Pubblicato da Ilaria Poli, Coop Italia C.N.N.A.

DSC_0090Nel scrivere i vari post per Scuola Coop mi sono sempre posta nell’ottica del formatore e ho provato, non so se con successo o meno, a portare le mie riflessioni sulla formazione in azienda, sulle sue prospettive, sui suoi limiti oggettivi e soggettivi..

Mi è sembrato interessante allora provare a cambiare la prospettiva e ho chiesto ai due ragazzi che l’anno scorso hanno partecipato al Coop Contest di scrivere le loro riflessioni sulla formazione in generale, senza limiti imposti..

Questo è quello che mi hanno risposto.

“La formazione, specialmente all’interno del mondo Coop, può fare brutti scherzi.

Spesso ci immaginiamo che la persona che percorre la “scalata” alla collinetta di Montelupo sia una persona diversa da quella che a fine giornata la percorre in discesa (usiamo il freno motore, mi raccomando..). Ci piace immaginarci così, più ricchi di idee e strumenti, più “formati”. Spesso non ci andiamo neanche tanto lontani in effetti.
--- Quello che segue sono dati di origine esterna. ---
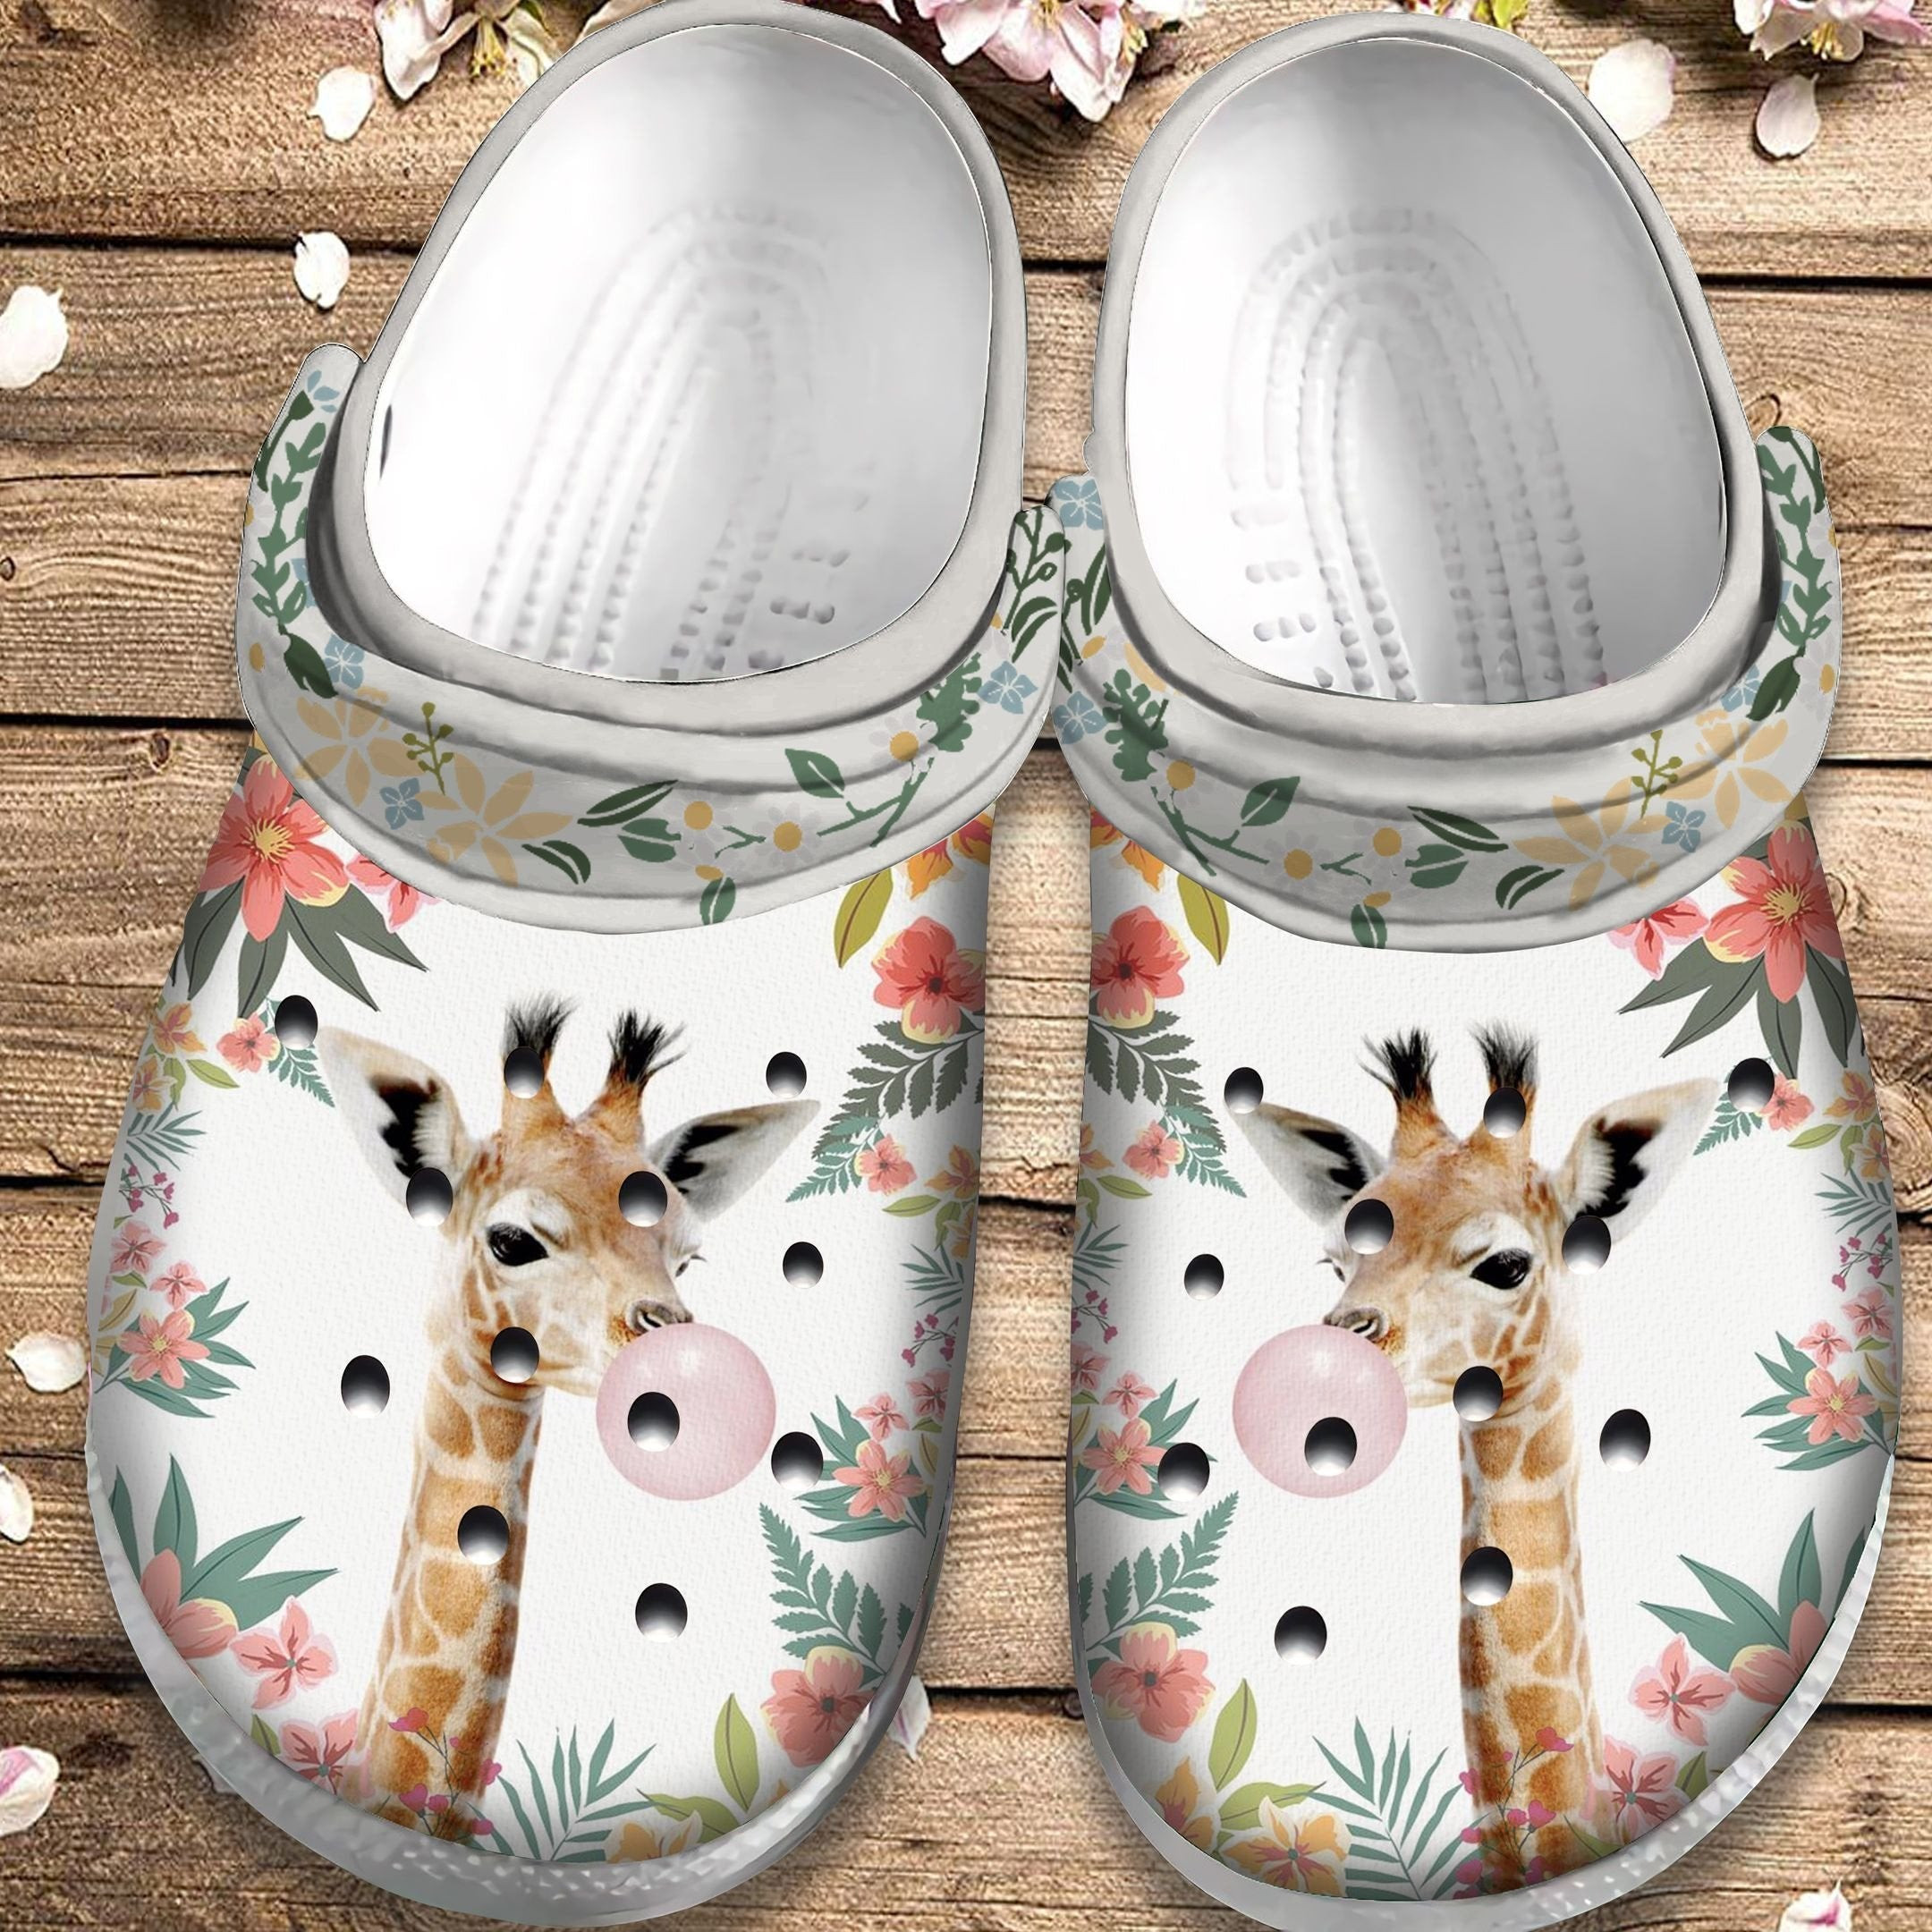 Giraffe With Bubble Gum Shoes Lovely Garden Crocs Clogs Birthday Gift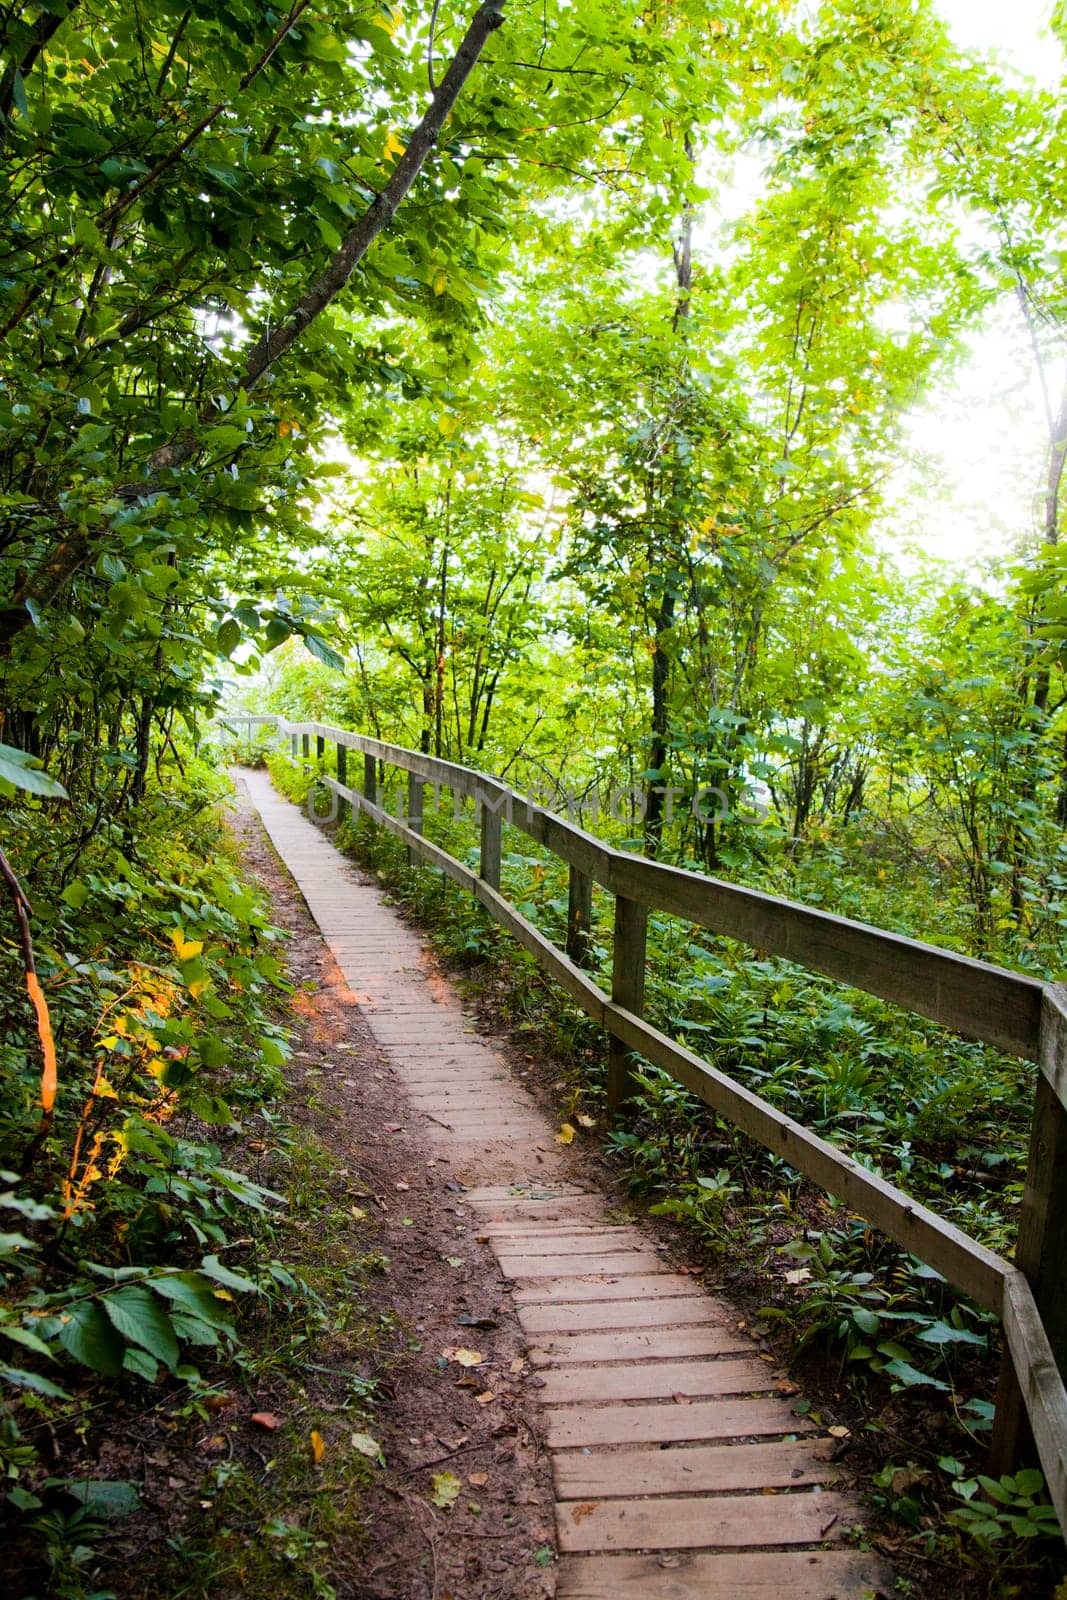 Escape to the serenity of Empire, Michigan's lush green forest with this inviting wooden boardwalk. Journey through nature's tranquility and immerse yourself in the vibrant foliage of a temperate forest. Perfect for evoking eco-friendliness.

Forse.

Più raramente invece, pensiamo al fatto che a fine giornata non siamo la stessa persona che è entrata in ufficio o negozio o magazzino.

Separare mentalmente queste due cose a volte sembra sufficiente per sentirsi cresciuti: è facile associarlo ad un luogo ed un tempo definiti invece che sparpagliato in qualche momento imprecisato e nello stesso luogo dove viviamo la nostra quotidianità lavorativa.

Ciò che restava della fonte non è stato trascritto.